- Born: Philip Boakye Dua Oyinka Koforidua, Ghana
- Education: University of Ghana
- Alma mater: St. Augustine's College (Cape Coast)

= Nana Asaase =

Ghanaian poet and writer

Philip Boakye Dua Oyinka, popularly known as Nana Asaase is a poet, literary coach and writer. He is also a member of the National Folklore Board. He was born on 12 December and comes from Koforidua in the Eastern Region of Ghana. Nana Asaase, a name which means "King of the Earth" in the Akan dialect Twi, was conferred on him by his grandmother. He blends English with Twi.

== Education ==
For his secondary education, Nana Asaase attended St. Augustine's College, Cape Coast. In 2010, he was awarded a bachelor's degree in English and History from the University of Ghana, Legon.

== Career ==
He was a public relations assistant at Saatchi & Saatchi from 2010 to 2011. In 2011, he became the public relations executive at Global Media Alliance for a year and is currently a literary coach at Asaase Inscription. As of December 2022, he was serving his second term as the Secretary of the Ghana National Folklore Board's governing board. He holds the Digital Reading ambassadorial role for the Ghana Library App.

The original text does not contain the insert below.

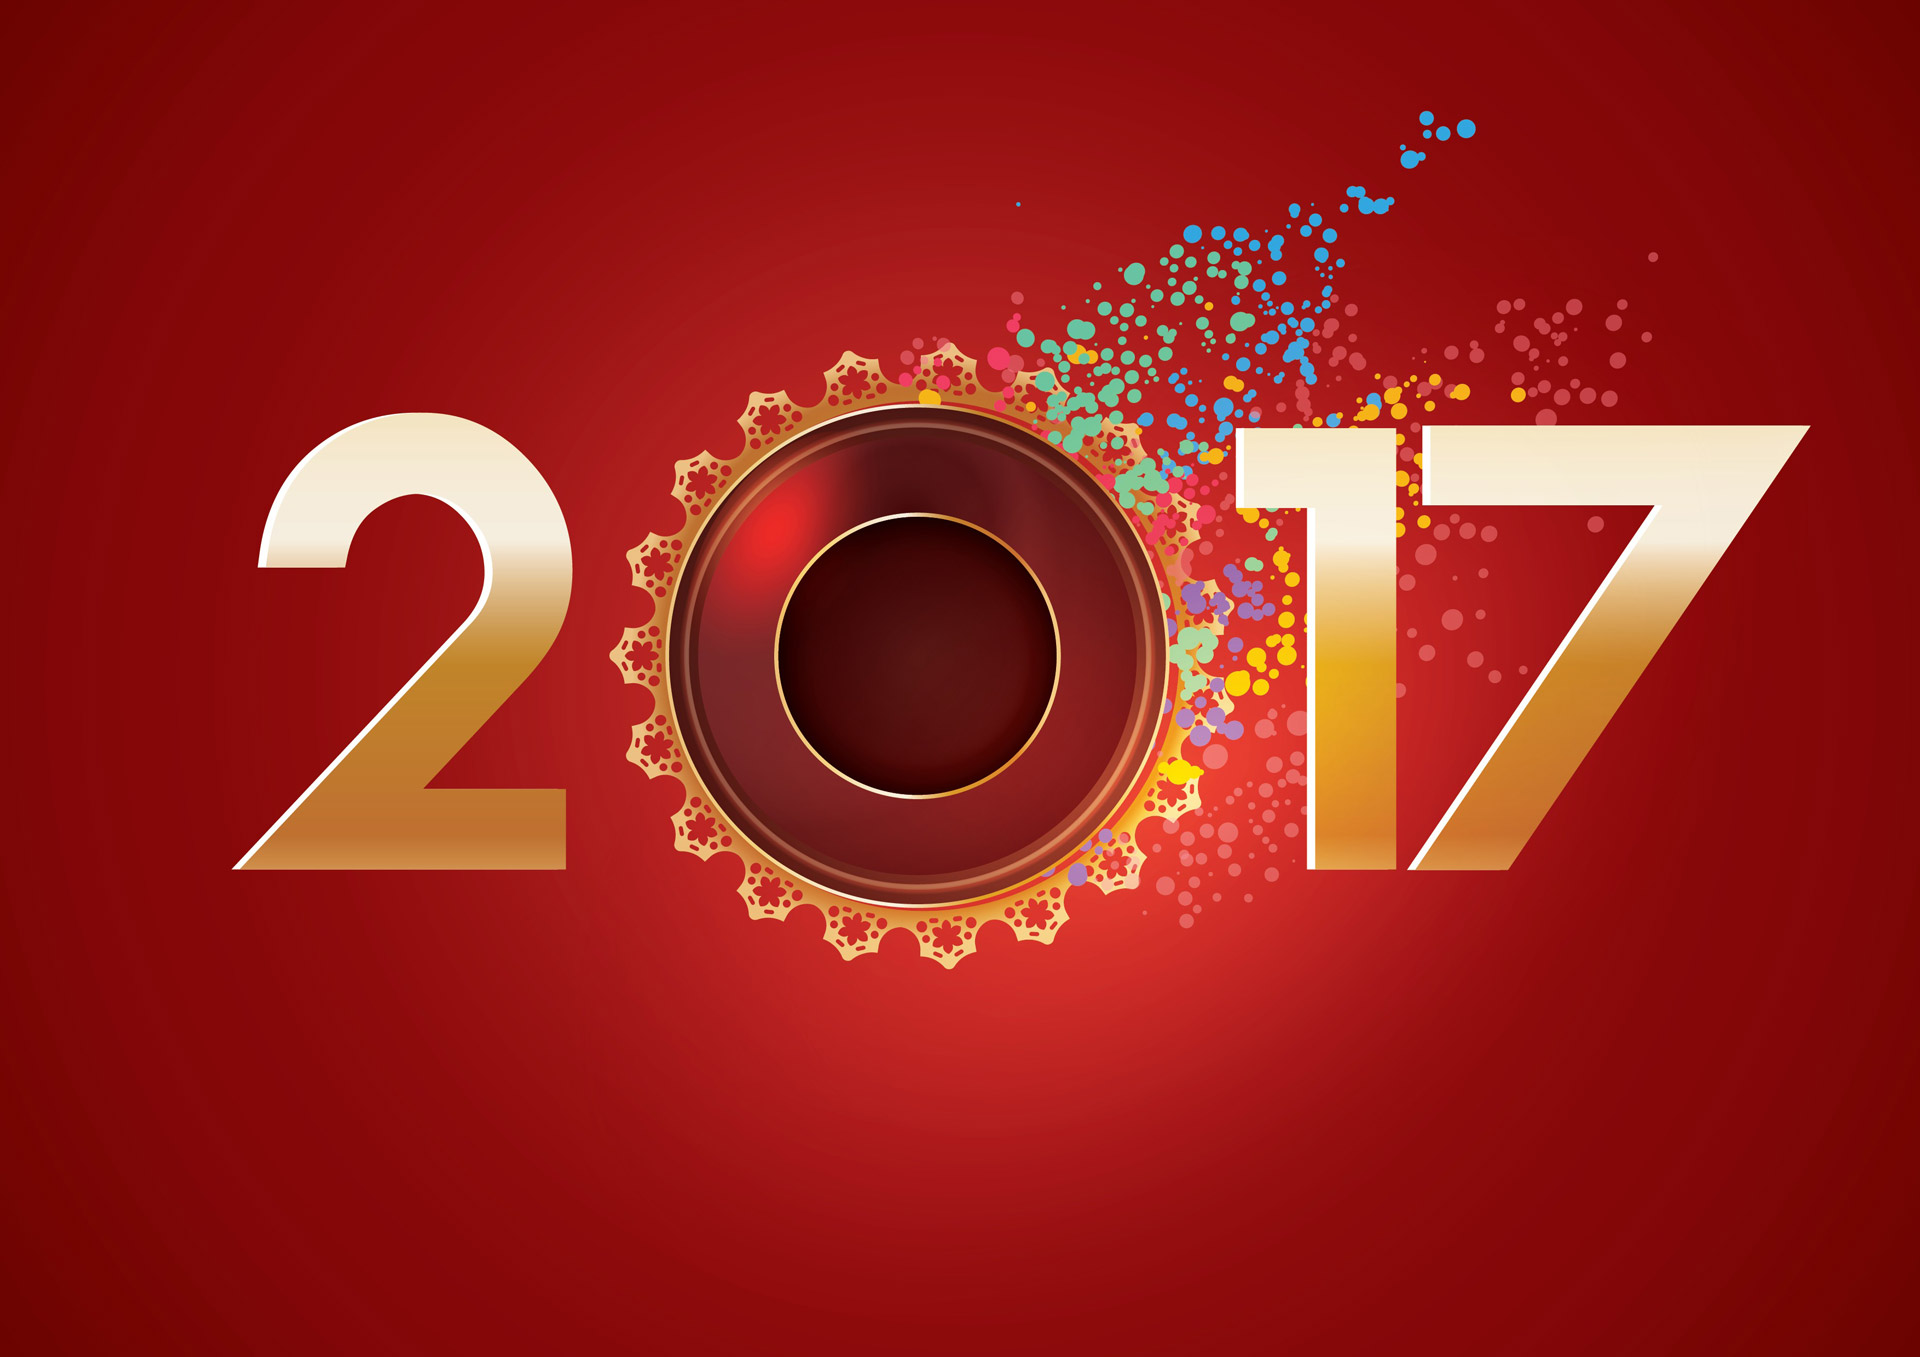 Hình nền chúc mừng năm mới 2017 full HD ấn tượng - Hình 13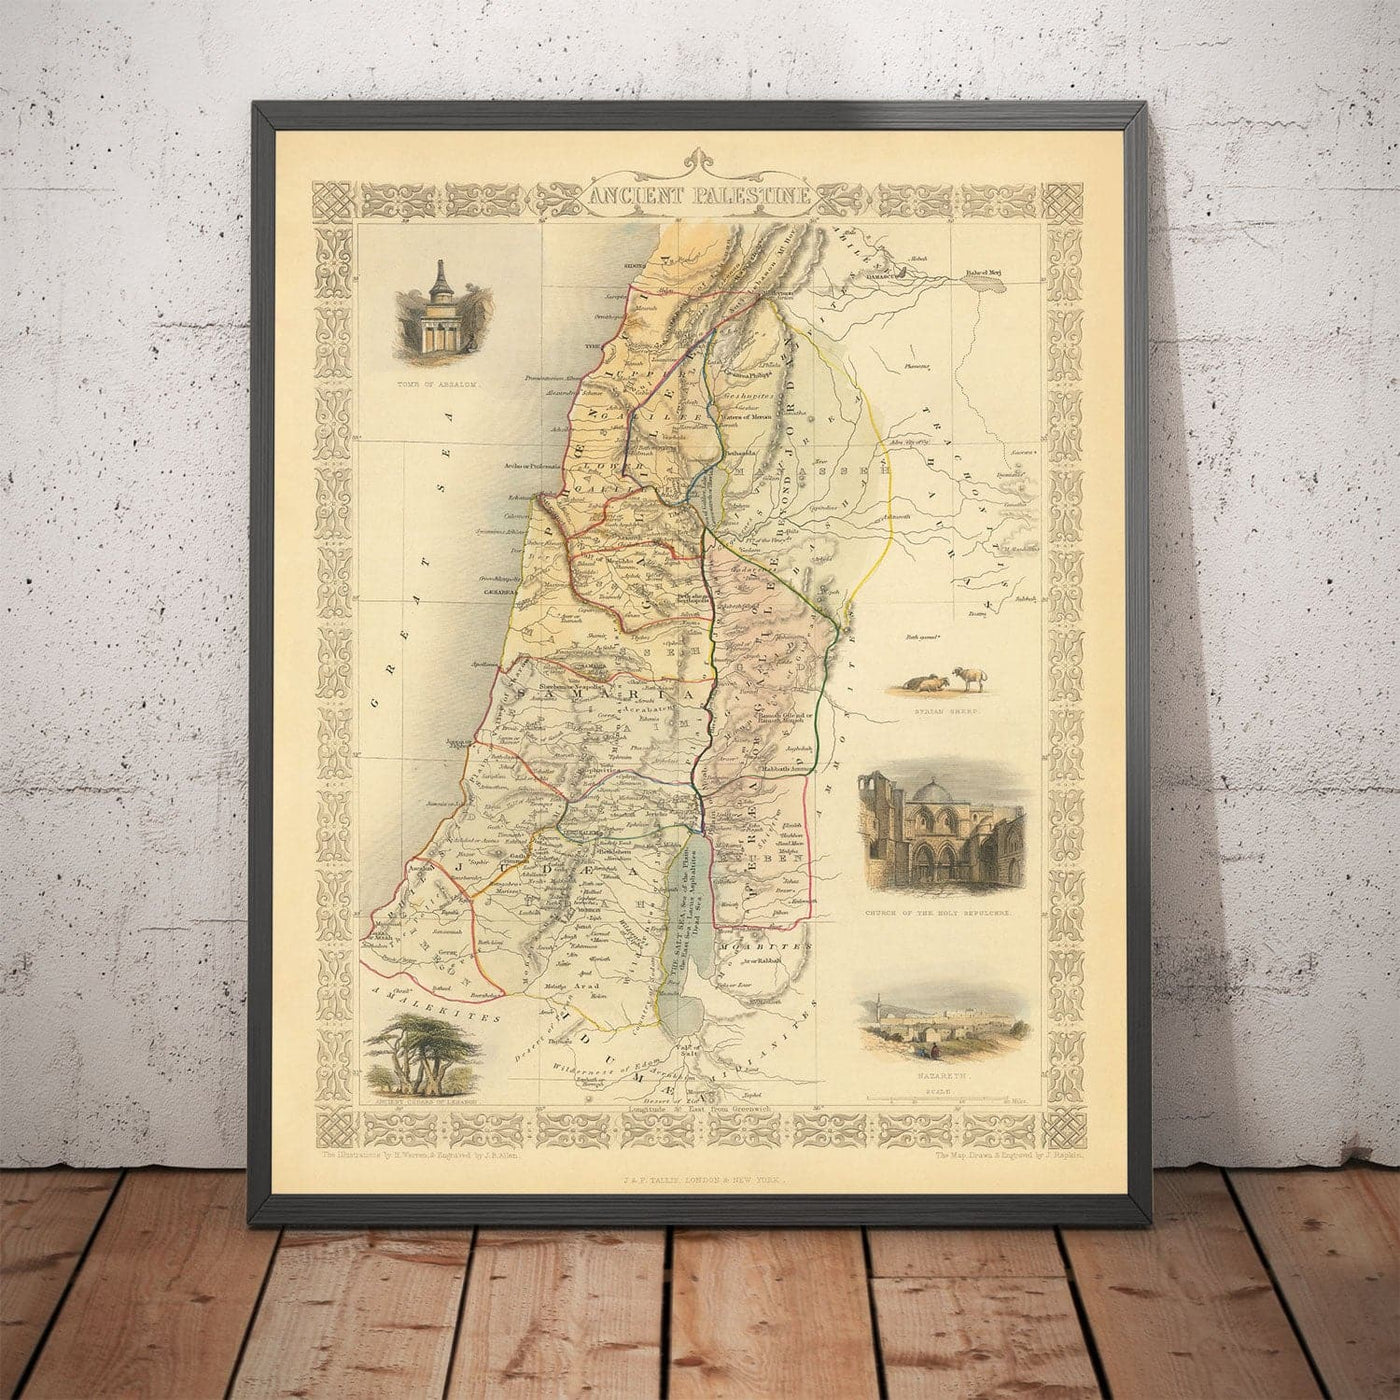 Alte Karte des alten Palästinas im Jahr 1851 - Heiliges Land, Kanaan, Jerusalem, Judea, Samaria, Galiläa, Israel, West-Bank, Gaza

He is also a board member of the Open Foundation for West Africa (OFWA).

== List of his poetry works ==
- Life of Colours-Sancho Ignites
- Communion of Lies
- Sternly to the Day; Gently to the Earth
- Intoxicated Mirrors-London on fire
- Ephiphania
- Mental Pictures V

== Mental Pictures ==
He organises the annual Mental Pictures with the recent been Mental Pictures VIII: Bagyina Reloaded.
== Awards and recognition ==
He was acknowledged for his contributions in putting Ghanaian poetry in the limelight. This was at the first edition of the Ghana Writers Awards.